Planetary scientists studying giant planet atmospheres continue to struggle with the most basic of questions: are the jets confined to a shallow layer within and immediately below the clouds (e.g., Hess and Panofsky, 1951), or do the cloud-level jets extend through the molecular envelopes? Or is it some hybrid of the two?
The "deep structure" scenario stems from the observation that internal heat fluxes are transported by convection, and convection homogenises entropy and density to create near-barotropic conditions in the molecular envelope. Taylor-Proudman theorem then implies that the jets will be constant on cylinders parallel to the rotation axis (Taylor columns), extending far below the cloud-decks. However, at cloud-level, the conditions are non-barotropic (temperature gradients and wind shears exist) and winds in this outer baroclinic zone would not necessarily represent the speeds of Taylor columns in the interior barotropic zone.

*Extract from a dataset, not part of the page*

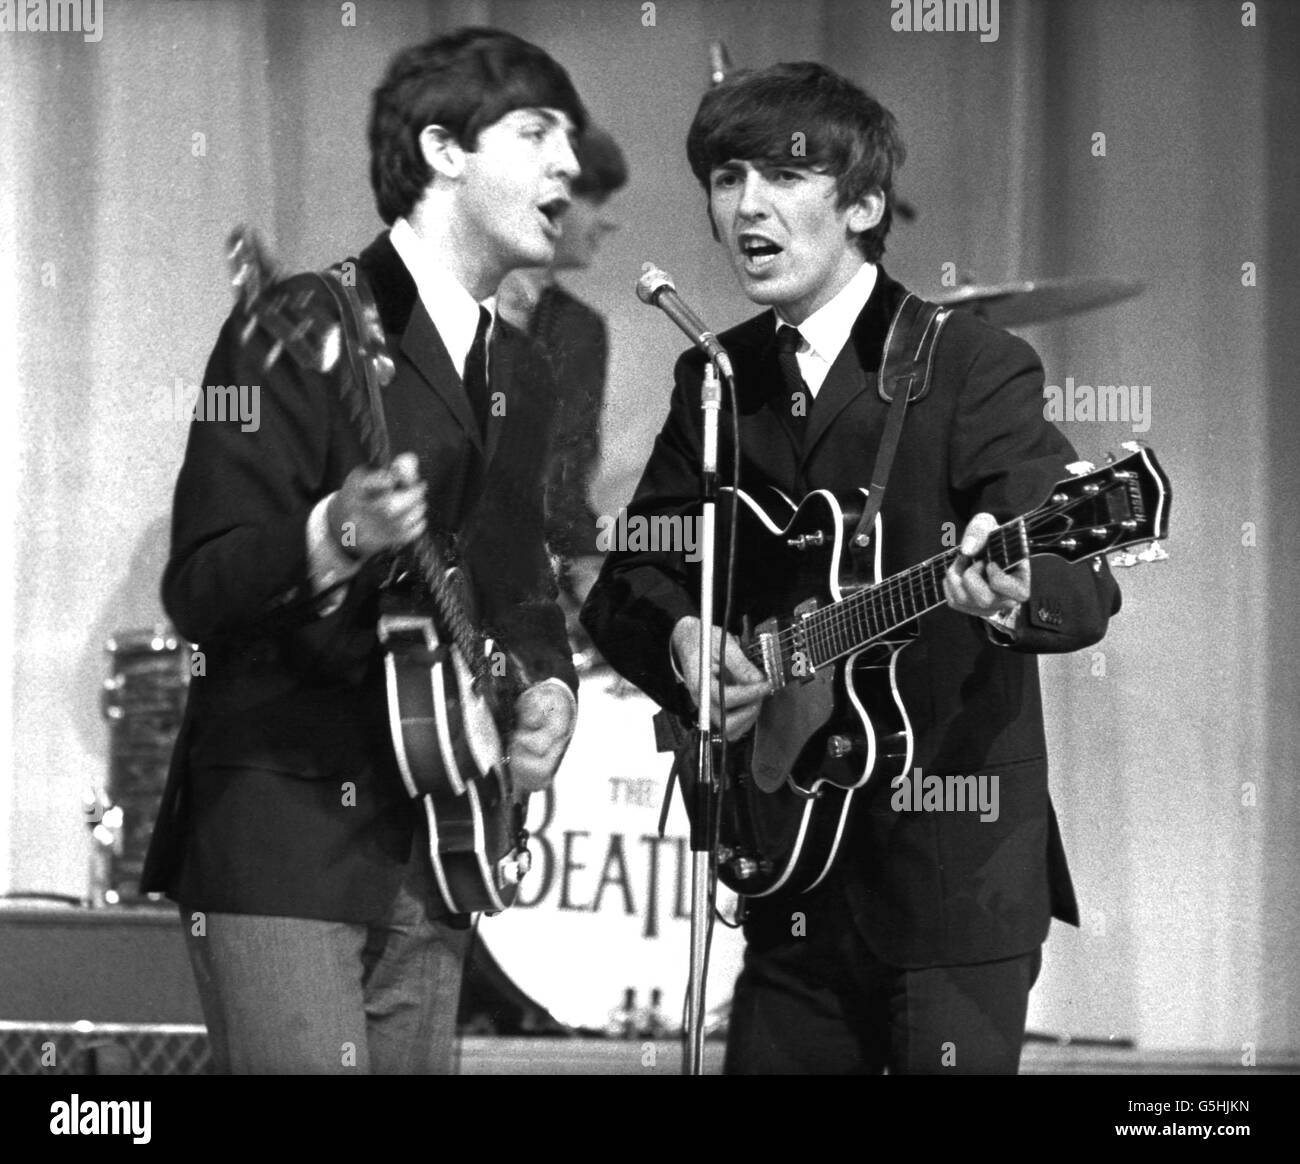 The Beatles - Rehearsals - Royal Command Performance, London Stock Photo

But even with this deep structure, there must be some depth to which strong zonal jets can no longer penetrate. Lorentz forces in the metallic hydrogen regions (i.e., the dynamo-generating region responsible for the magnetic fields) would brake strong zonal flows (Kirk and Stevenson, 1987) at pressures exceeding 1-2 Mbar. Liu et al. (2008) also suggest that the jets cannot reach the base of the molecular envelope, where a smooth transition to metallic, conducting properties would be occurring. Indeed, Liu calculated that Ohmic dissipation would be much larger than the observed luminosities of Jupiter and Saturn if the Taylor columns penetrated deeper than 96% (Jupiter) or 86% (Saturn) of the radius, and hence favoured a scenario with winds confined to the weather layer. But there are methods to reduce the Ohmic dissipation with full 3D magnetohydrodynamic calculations (e.g., Glatzmaier 2008), so the jury is still out on how deep Taylor columns could extend without Ohmic dissipation becoming a substantial problem.

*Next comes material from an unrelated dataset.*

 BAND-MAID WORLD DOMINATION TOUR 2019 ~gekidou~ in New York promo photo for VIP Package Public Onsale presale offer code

Showman et al. (2006) showed that deep jets can result from both shallow forcing (e.g., jet pumping by eddy momentum flux convergence from thunderstorms or baroclinic instabilities) and deep forcing (e.g., convection in the molecular envelope). In their models, they get a baroclinic thermal wind region overlying a barotropic jet region to the base of the model, suggesting that the deep winds measured by the Galileo probe at 20 bar on Jupiter (Atkinson et al., 1998) doesn't imply a deep source of the winds. Conversely, deep forcing (e.g., waves generated by convection in the molecular envelope) could induce zonal winds at shallow depths. Del Genio et al. (2009) emphasise that deep vs. shallow structure is a different (but related) problem to the question of deep vs. shallow forcing of the zonal jets, and there are a wide variety of models out there that choose one approach or the other, each trying (often successfully) to reproduce the cloud-level wind field. But the basic question remains - how do the zonal winds vary with depth, and do they remain constant down to the expected water cloud and below?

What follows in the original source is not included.